UH-led team receives $3.1 million DOE award to develop superconducting wire for wind turbines
The University of Houston will lead a public-private research team that has been awarded $3.1 million by the U.S. Department of Energy (DOE) to develop a low-cost superconducting wire that could be used to power future wind turbines.
This support is part of the DOE's Advanced Research Projects Agency-Energy (ARPA-E) program, which recently announced it has awarded $156 million to 60 cutting-edge research projects designed to improve how the U.S. produces and uses energy.
UH, in conjunction with SuperPower Inc., the DOE's National Renewable Energy Laboratory (NREL), Tai-Yang Research and TECO-Westinghouse Motor Company, will develop an efficient, low-cost high-temperature superconducting wire (HTS) to use in future advanced wind turbine generators. This breakthrough technology is a key enabling technology for other electromagnetic devices as well.
Venkat "Selva" Selvamanickam, M.D. Anderson Chair Professor of Mechanical Engineering, director of the Applied Research Hub of the Texas Center for Superconductivity at the University of Houston (TcSUH) and Chief Technology Advisor for SuperPower, will lead the research project.
"This grant will be used to produce a high-performance superconducting wire to build a light, high power and high efficiency wind turbine generator. Superconducting wire enables us to build wind generators with power ratings at 10 megawatt and above, which are suitable for offshore wind power plants," Selvamanickam said. "The use of high-power generators can reduce installation, maintenance and capital costs of the turbine and the wind power plants."
"While conventional generator windings are made of copper wire, with a superconducting wire, it is possible to pass hundreds of times more electric current than a copper wire," Selvamanickam said. "But the cost of superconducting wire is currently very expensive. Our goal is to develop a low cost superconducting wire that will make superconducting wind generators become more practical for widespread use."

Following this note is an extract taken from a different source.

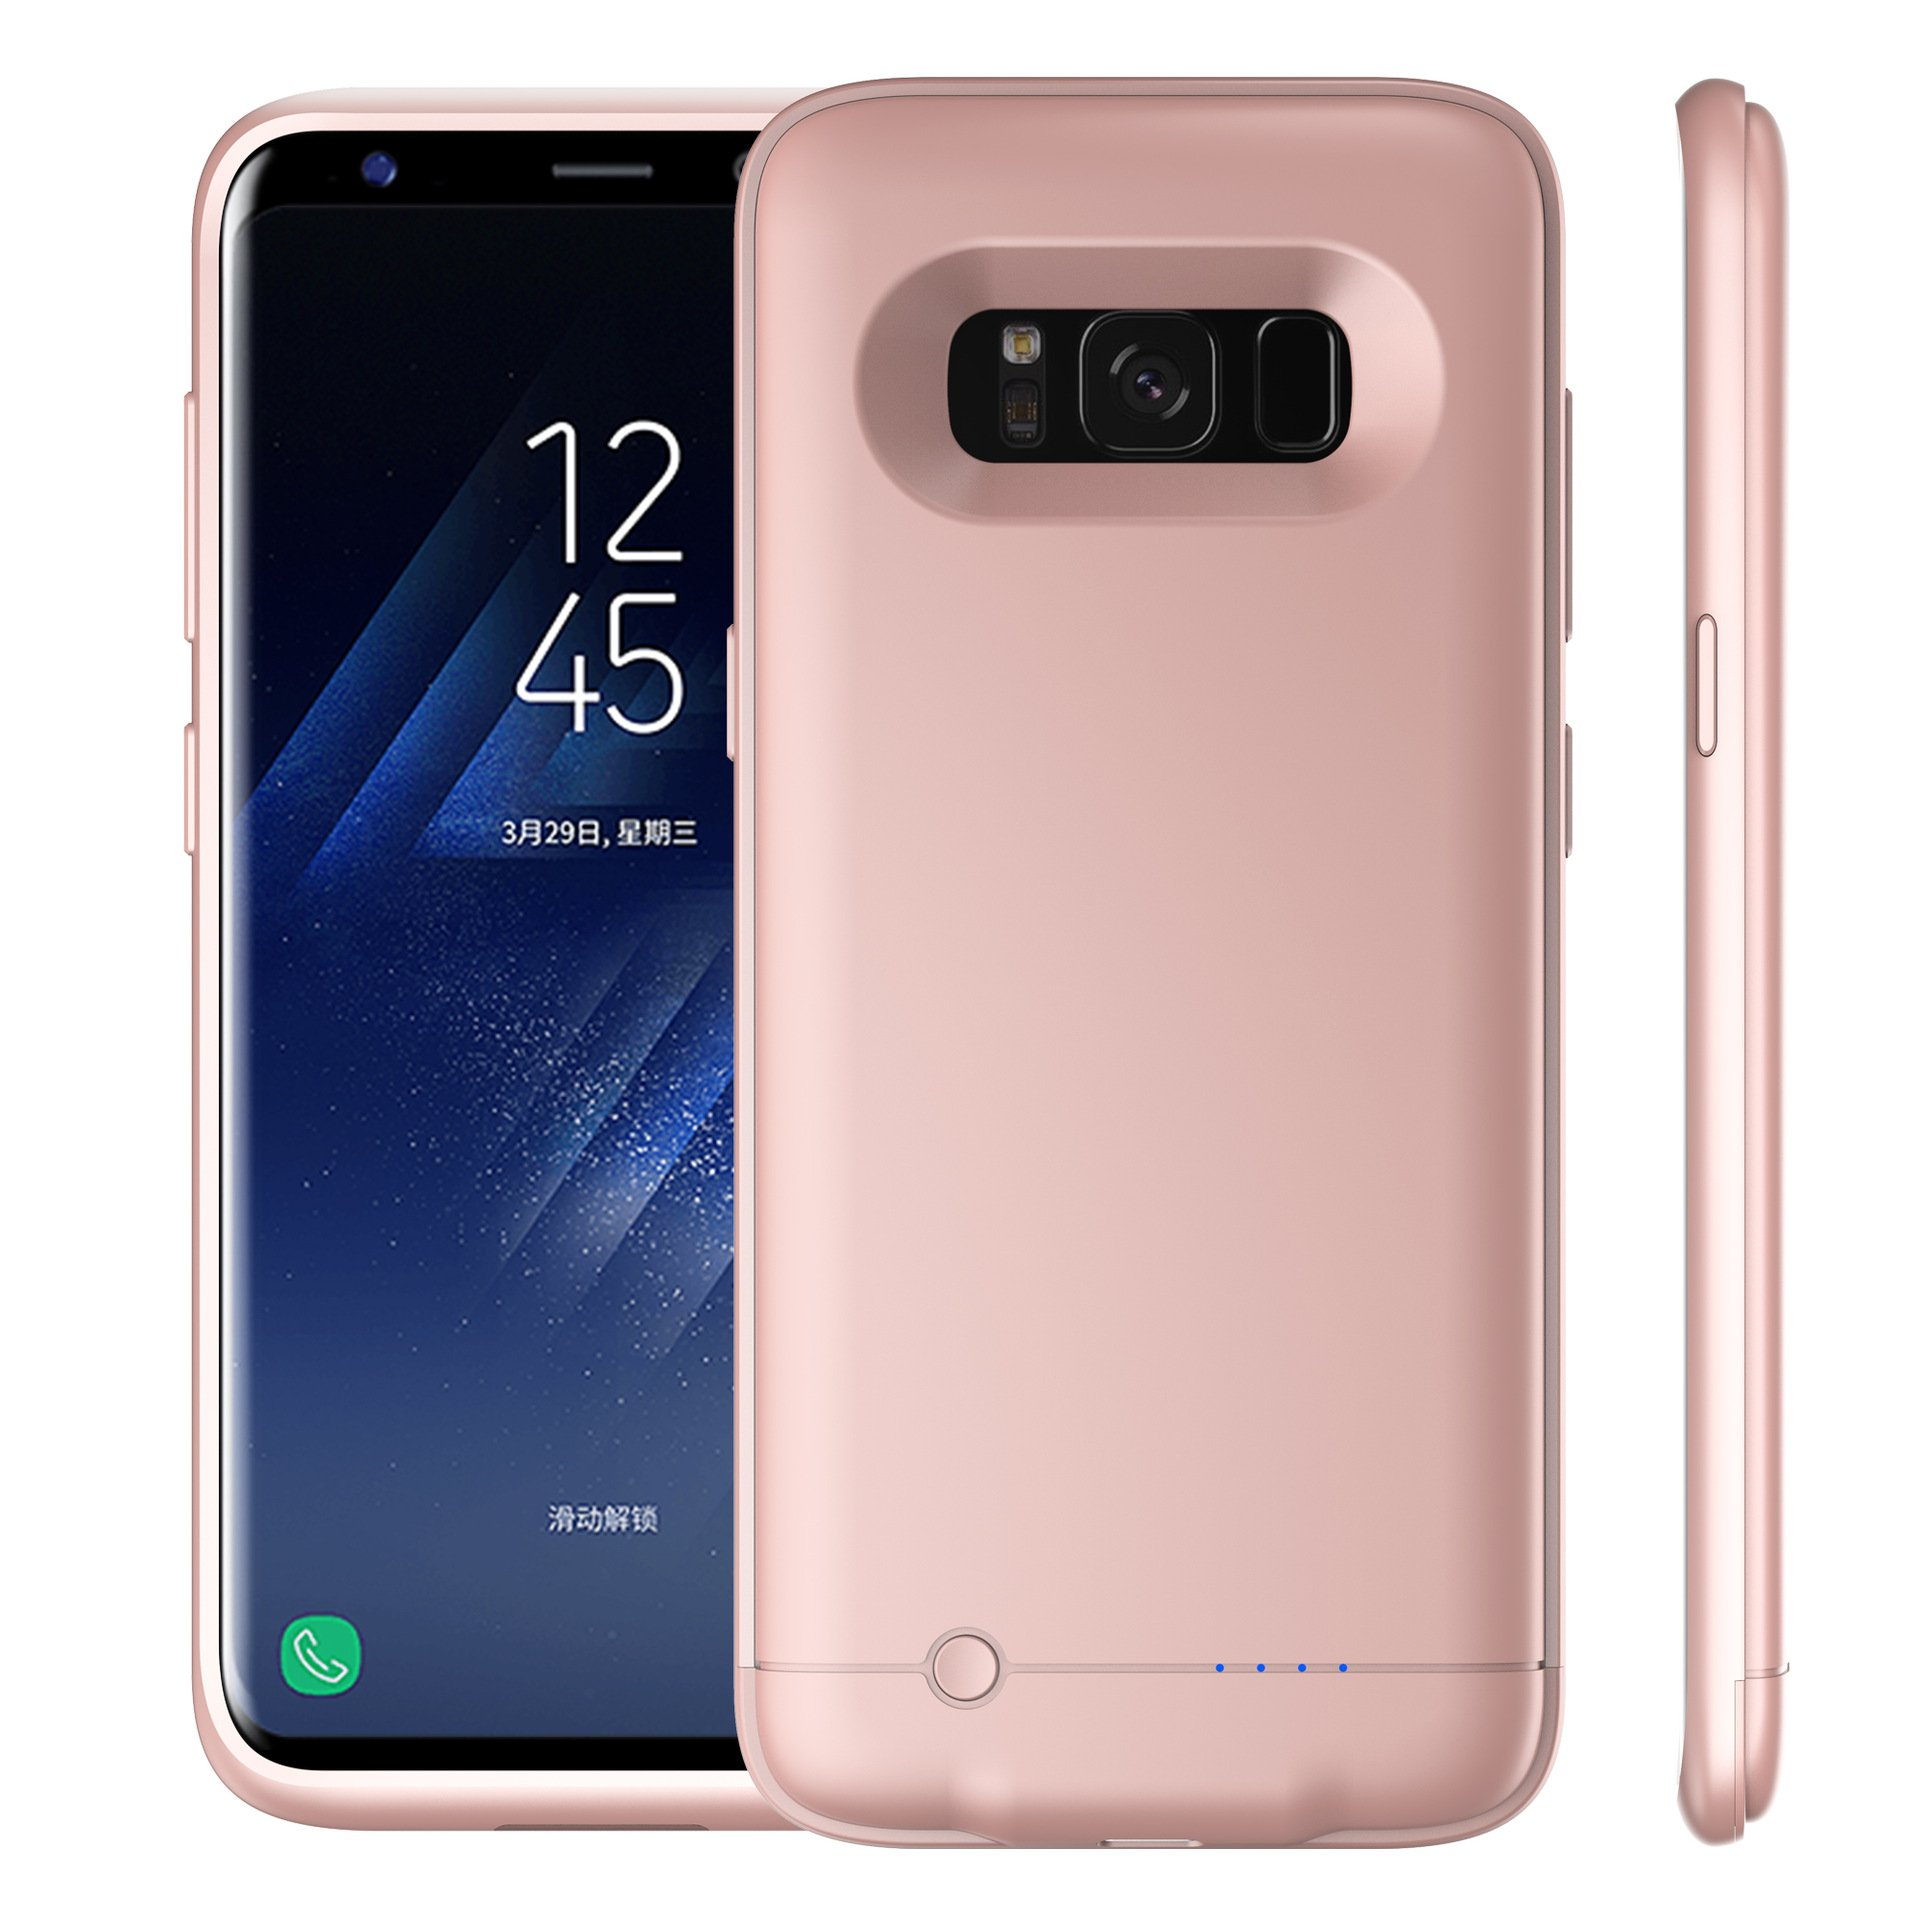 Torubia Samsung Galaxy S Lite Luxury Edition Samsung Galaxy S8 4200mAh Battery Case, Cover External Protective Battery Cover Samsung Galaxy S Lite Luxury Edition Samsung Galaxy S8 4200mAh

Arthur P. Kazanjian, general manager at SuperPower, said, "SuperPower, which is now establishing a Specialty Products facility at the UH Energy Research Park, will transition the technology now being developed at UH to SuperPower's manufacturing plant in Schenectady, N.Y. This project builds on the wire technology that was developed in Schenectady since SuperPower's formation in 2000 and improved further by a two-fold better performance achieved at UH last year."
In this project, Tai Yang Research, a Florida-based corporation, will fabricate and test a wind turbine generator coil using the new superconducting wire based on design developed by TECO-Westinghouse Motor Company.
TECO-Westinghouse Motor Company, as the principal purveyor of the generator design, will focus its efforts on the design analysis and manufacturability of the resulting scalable generator design to include cryogenic cooling and quench protection demonstration. TECO-Westinghouse Motor Company will use the new superconducting wire to build offshore wind turbine generators and the next generation of power-dense motors and generators. NREL will evaluate the impact of the enhanced superconducting wire on the overall system performance.
The projects that received ARPA-E support all focus on accelerating innovations in clean technology while increasing the nation's competitiveness in rare-earth alternatives and breakthroughs in biofuels, thermal storage, grid controls and solar power electronics, the DOE said.
"These innovative projects are at the forefront of a new technological frontier that plays a critical role in our future energy security and economic growth," says Arun Majumdar, director of ARPA-E. "It is now more important than ever to invest in game-changing ideas that will build the technological infrastructure for a new, clean energy economy."
This is the second ARPA-E grant awarded to projects involving superconducting research at UH in partnership with SuperPower, the first member of the UH Applied Research Hub. Last September, UH, SuperPower and two other institutions received a $4.2 million grant to develop an affordable, large-scale superconducting magnet energy storage (SMES) system device. Energy storage is crucial in developing the widespread use of wind and solar power.
In that project, Selvamanickam and the UH-SuperPower research group are working to develop an HTS wire that meets the performance and cost requirements of a commercial SMES device through investigation of an innovative manufacturing process. By comparison, in this project the researchers are investigating new way to improve the superconducting wire itself, enabling breakthrough use in superconducting generators.
"Both of these projects demonstrate the strength of public-private partnerships to move technology forward in ways that can greatly benefit us all," said Rathindra N. Bose, UH vice chancellor/vice president of research and technology transfer. "These projects combine all the elements needed to get a new technology to the market – the technology R&D, the development of a high-tech work force, the manufacturing capability, the sub-components and, finally, the path to the marketplace."